10 questions to ask a real-estate agent
If you're trying to sell a house, the right help is crucial. Here are the questions you should ask to hire the right professional.
Imagine spending $9,000 for a service, then finding out you could have had the same thing for $350? That's exactly the kind of money you could waste if you hire the wrong real estate agent to sell your house.
The way many people find a real estate agent is through a personal relationship. That's no way to hire a pro.
Watch the following video, then meet me on the other side for more.

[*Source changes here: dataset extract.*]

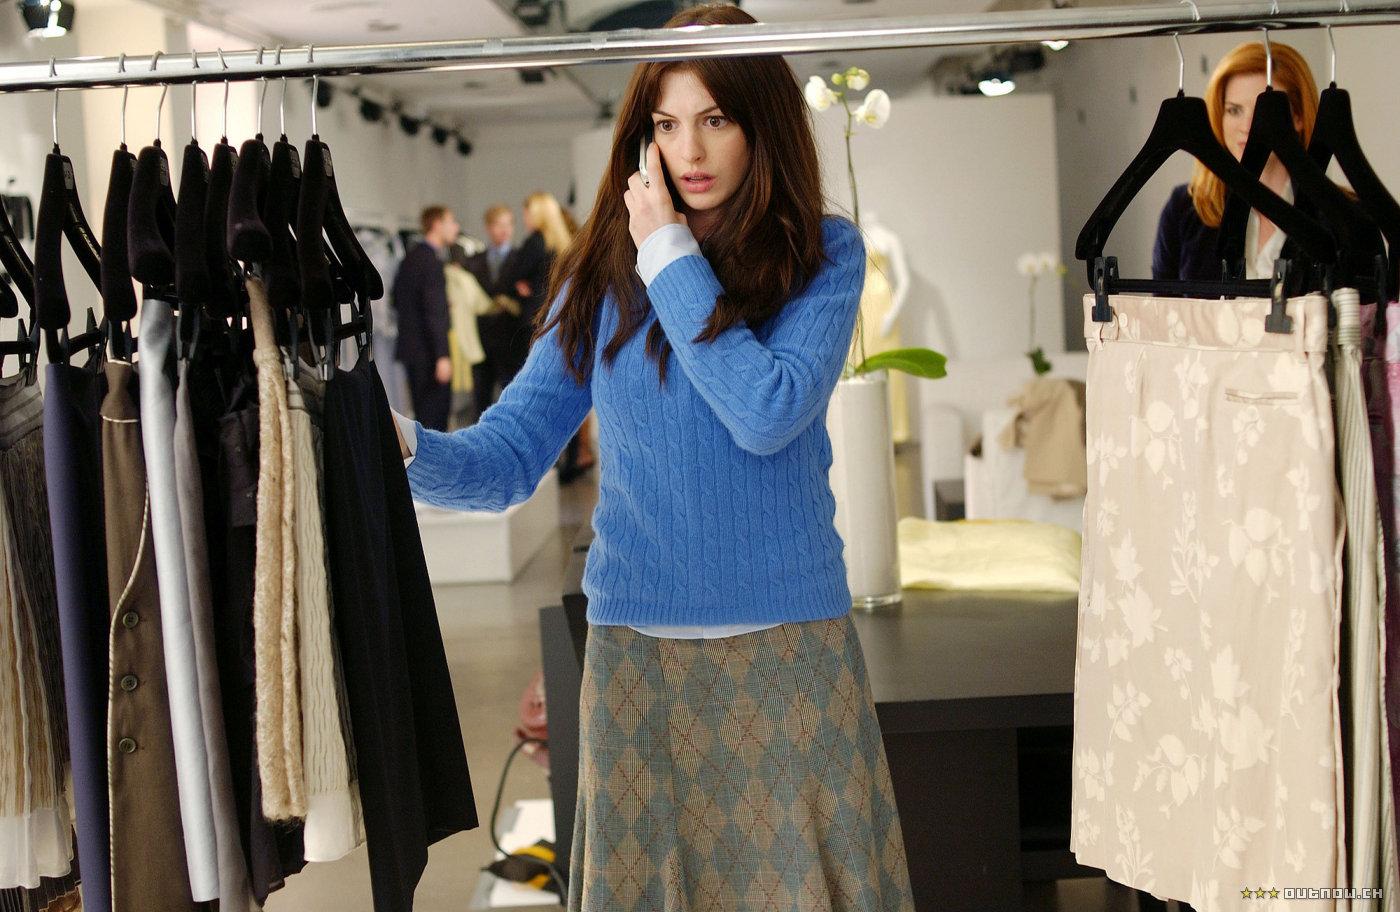 The Devil Wears Prada Fashion | The Fashion Foot

When I sold a home in Cincinnati years ago, I listed it with an agent whose primary qualification was that she was a personal friend. She initially told us the house should be listed for $300,000. But after finding no interested buyers, several weeks later she suggested we drop the price to $275,000. While we did get some showings, still no bites.
Here's how our house sold: A person happened to be driving by, saw the sign in the front yard, knocked on our door, walked around the house and immediately fell in love with it. She made an offer the next day.
Despite the fact that our buyer didn't find the house through either her agent or ours, we still had to pay 6% of the sales price -- in our case, $16,500 -- to the real estate agents. That's a lot to spend when the sale of our home came from a $20 sign in the front yard.
I've been a vocal critic of real estate agents for many years. It's not because their services aren't useful; they often are. The problem is that their services too often aren't worth the high price.
List it yourself
In days past, only a full-service, full-price real estate agency could put your home in the Multiple Listing Service. These days, you can find any number of real estate companies that will put your home in the MLS for a one-time up-front fee of as little as $350. (Here's one of many examples.)
So, rather than paying the full 6%, you could simply pay $350 to $500 to list your house in the MLS, thus exposing it to buyers and their agents. When a buyer shows up through an agent, you'll still have to pay the buyer's agent 3%. But paying 3% rather than 6% to sell a $300,000 home means saving $9,000. That's a nice chunk of change.
Most people, however, don't want to handle the marketing of their house themselves. They feel that it's important to have an experienced professional on their team to help with the paperwork and show and market the house.
Finding and interviewing agents
Here's a quick tutorial to make sure that, if you pay big bucks to sell your house, you have a good shot at getting your money's worth.
Once you've got three to five names, schedule interviews at your house. When they show up, they'll (hopefully) come armed with a basic market value for your home that they've put together in advance with recent neighborhood sales statistics. More than likely, they'll walk around your place and sharpen that number by considering your home's unique features and/or problems.
Note: Be suspicious if one agent suggests a listing price much higher than the others. This is a common technique to secure a listing -- telling you your $300,000 house is actually worth $340,000 -- but listing your house for more than it's worth won't sell it.
Questions to ask
When interviewing agents, ask the same questions in the same order and take detailed notes of the responses. That makes apples-to-apples comparisons much easier.
What is your average list price-to-sales price ratio? You want to avoid an agent who attempts to secure a listing by deliberately overstating the value of your house. The way to uncover that tactic, as well as gauge the overall effectiveness of the agent, is to ask for his or her average days-on-market and list-to-sales price ratio. To verify those numbers, get a list of houses they've sold in the last year.
Be aware, however, that the easiest way to sell a house immediately and for 100% of the listing price is to sell it for less than it's worth. That's why it's crucial for you to visit as many houses as possible currently for sale in your neighborhood. If an agent thinks your house is worth way less than you do, ask why.
Example: When I sold my father's house, the buyer and I were $500 apart and at an impasse. So I asked both the buyer's and listing agent to contribute $250 each from their commission so we could get a deal done. They both readily agreed.
Will you let me out early if I'm not happy? A good agent will let you out of the agreement if you're unhappy with the agent's work.
Approach these meetings as if they're a job interview, because that's exactly what they are. You're about to pay someone a great deal of money entirely for their marketing expertise, so stay focused on that. Keep in mind that these are salespeople with experience in controlling the conversation. Don't allow it. You're the employer, they're the hopeful applicant.